O ile dusza w Bogu, o tyle Bóg w duszy."
Adam Mickiewicz
"Dawniej żądałem od ludzi więcej niż mogą dać: ciągłej przyjaźni, nieustannego wzruszenia. Dziś umiem od nich żądać mniej, niż mogą dać: towarzystwa bez frazesów. I ich wzruszenie, ich przyjaźń, ich szlachetne gesty zachowują w moich oczach całą wartość cudu: są łaską."
Albert Camus
Pisać o wzruszeniu... Hmm... Trudna sprawa, ale potrzebna.
Do stworzenia tego wpisu zainspirował mnie filmik o maleńkim dziecku wzruszającym się, gdy śpiewa jego mama. Ostatni hit internetu. Można mieć mieszane uczucia - dziecko może się bać, nie wiedzieć co robić, może dla niego to dziwne uczucie, jednakże ja widzę w nim właśnie trochę z dorosłego wzruszenia.
Czy można tkliwość dzielić na dorosłą i dziecinną?

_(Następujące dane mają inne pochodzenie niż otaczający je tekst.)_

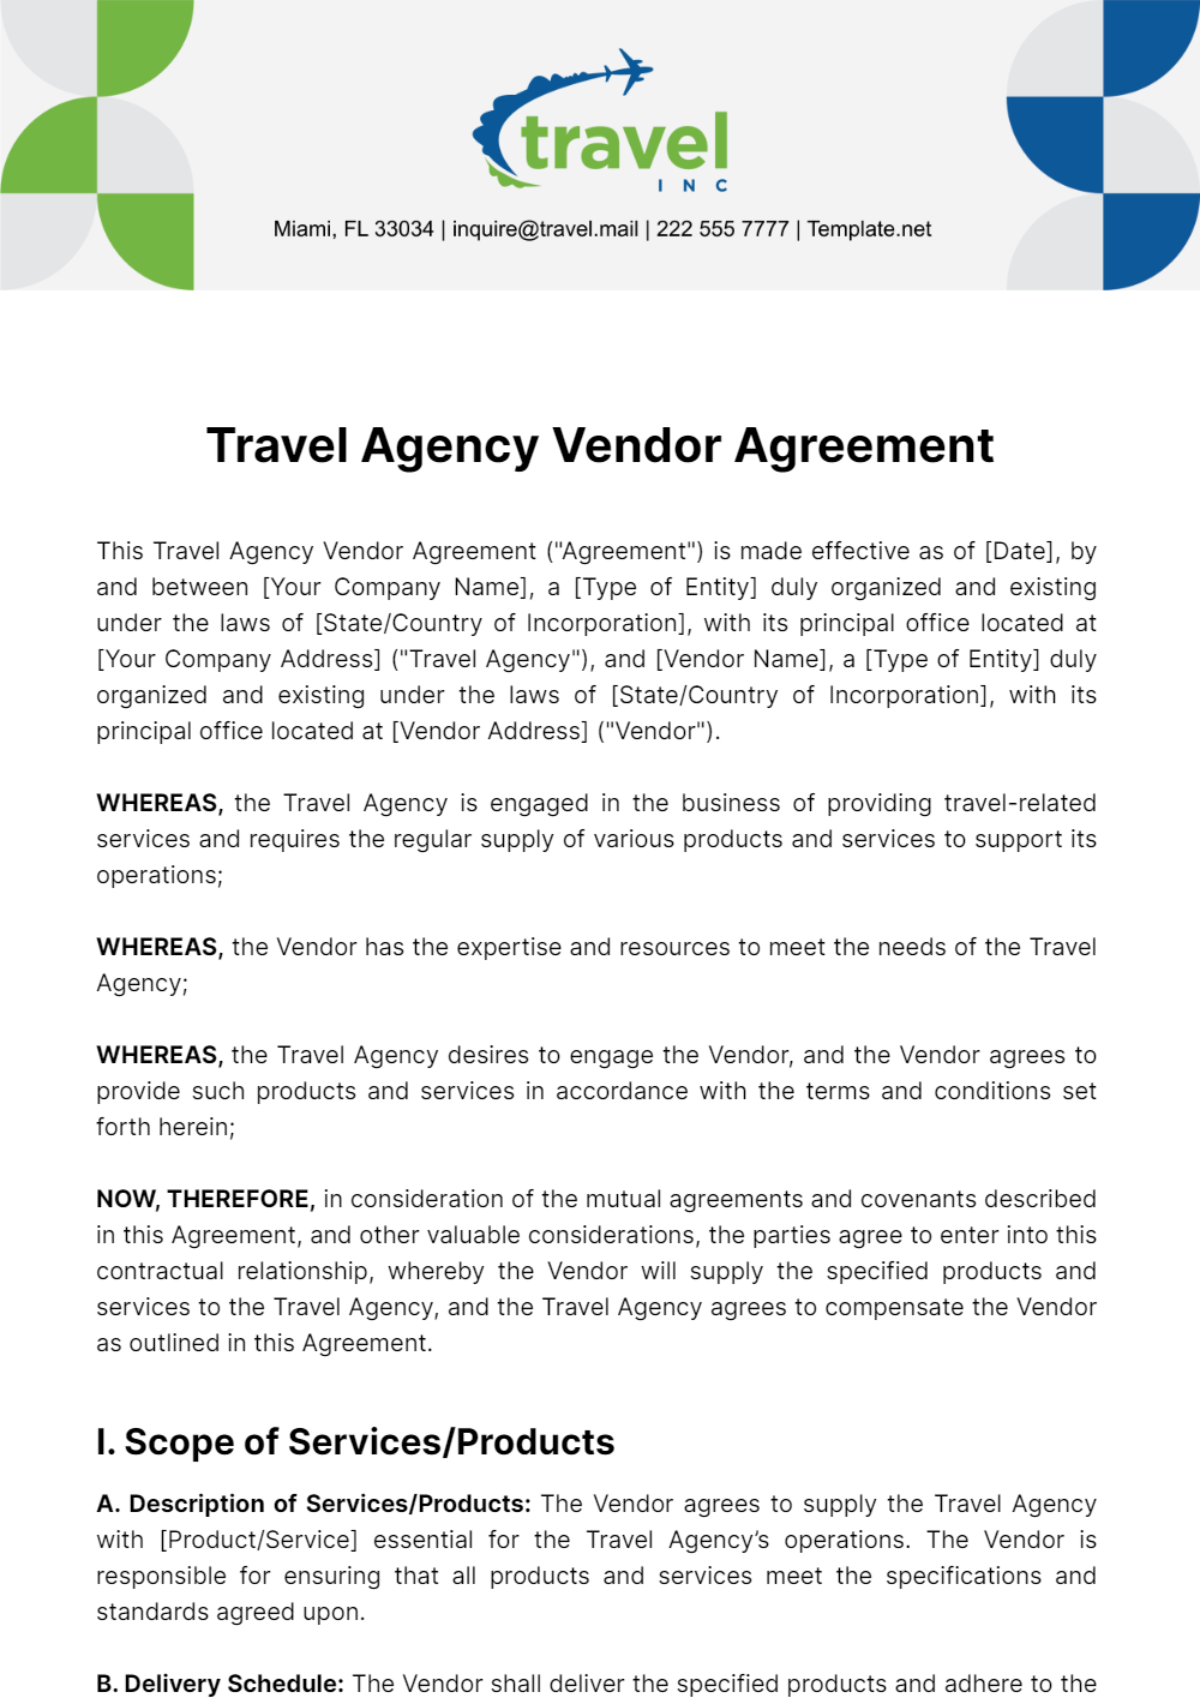 Free Travel Agency Vendor Agreement Template

Myślę, że każda jest infantylna - i taką właśnie najlepiej jest przejawiać, bo jest autentyczna.
Czym jest wzruszenie?
Bardzo szkoda mi ludzi, którzy zalakowali gdzieś głęboko swoje "czujki" obojętnością. Przykro mi, gdy widzę pogardę w ich oczach dla piękna. Przykro mi, gdy idąc parę godzin drogą widzą tylko ekran swojego iPhone'a, po długim czasie spostrzegając, że w ogóle są w pięknym parku, mają przed sobą niepowtarzalny zachód słońca, czy w pośpiechu w drodze do pracy - wschód słońca, albo też plejadę gwiazd nocą.

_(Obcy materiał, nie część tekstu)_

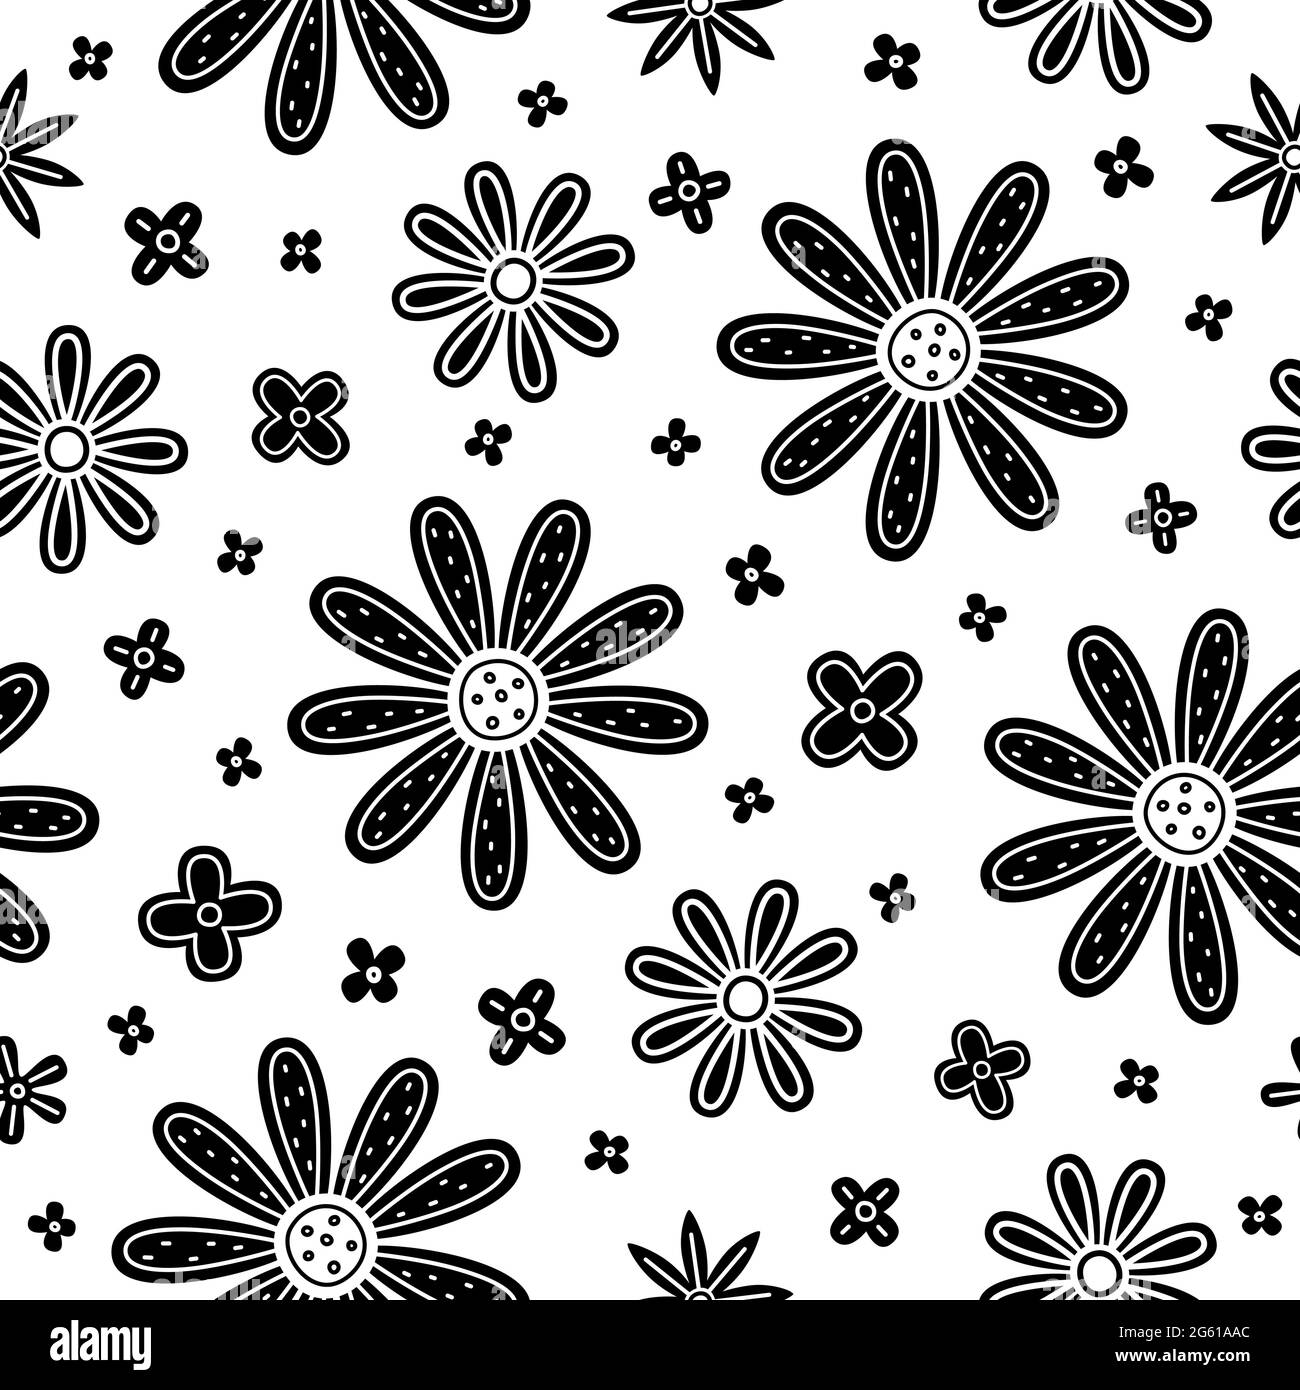 Black flowers Stock Vector Images - Alamy

To, co dzieje się wokół dotyka naszych wrażliwych miejsc i sprawia, że uśmiech zaczyna zdobić nasze oblicze.
LUDZIE - otwórzcie oczy!
Czym byłabym bez wzruszenia? Kościotrupem. Nie chcę nim być, kocham się wzruszać.
Dlaczego często kryjesz swoje przeżycia?Wzruszenie właśnie jest aktem bardzo krótkim, nagłym, o dużym często nasileniu, lecz prawdziwym, wręcz FIZJOLOGICZNYM. Nie wstydź się.
***
Rozrzewnieniem jest dla mnie pączek zmieniający się w soczysty liść.
Nagle - całe drzewo zamieniające się w zieloną kulę.
Czy widziałeś kiedyś najpiękniejszy witraż świata? Stoisz pod drzewem a niedawno wyrośnięte liście przepuszczają przez siebie światło słoneczne.
Wzruszam się i wzruszam, płacząc w duchu widząc biedę tego świata. Często toniesz w morzu smutków i szarości - wzruszenie jest chwiejne, tak, może nie jest stałym lądem, lecz przypominam Kochany, że wzruszenia są wyspami, wysepkami. Mocniejsze - półwyspami.
Ja chcę archipelag wzruszeń! ARCHIPELAG WZRUSZEŃ.To każdy dźwięk, kolor, szept, świst, trzask, kształt, struktura, głębia, ogrom, dal, toń - to one są nam dane, by tworzyć archipelagi. Dziękuj Bogu za zmysły, które są naszymi architektami z najwyższym wykształceniem. Pomóż im tylko zdobyć doświadczenie - wzrusz wyobraźnię, OTWÓRZ ją, zasmakuj, zanurz się wbrew wszystkiemu.
Mam wrażenie, że patrzę na świat odbity w lustrze. Wszystko na opak.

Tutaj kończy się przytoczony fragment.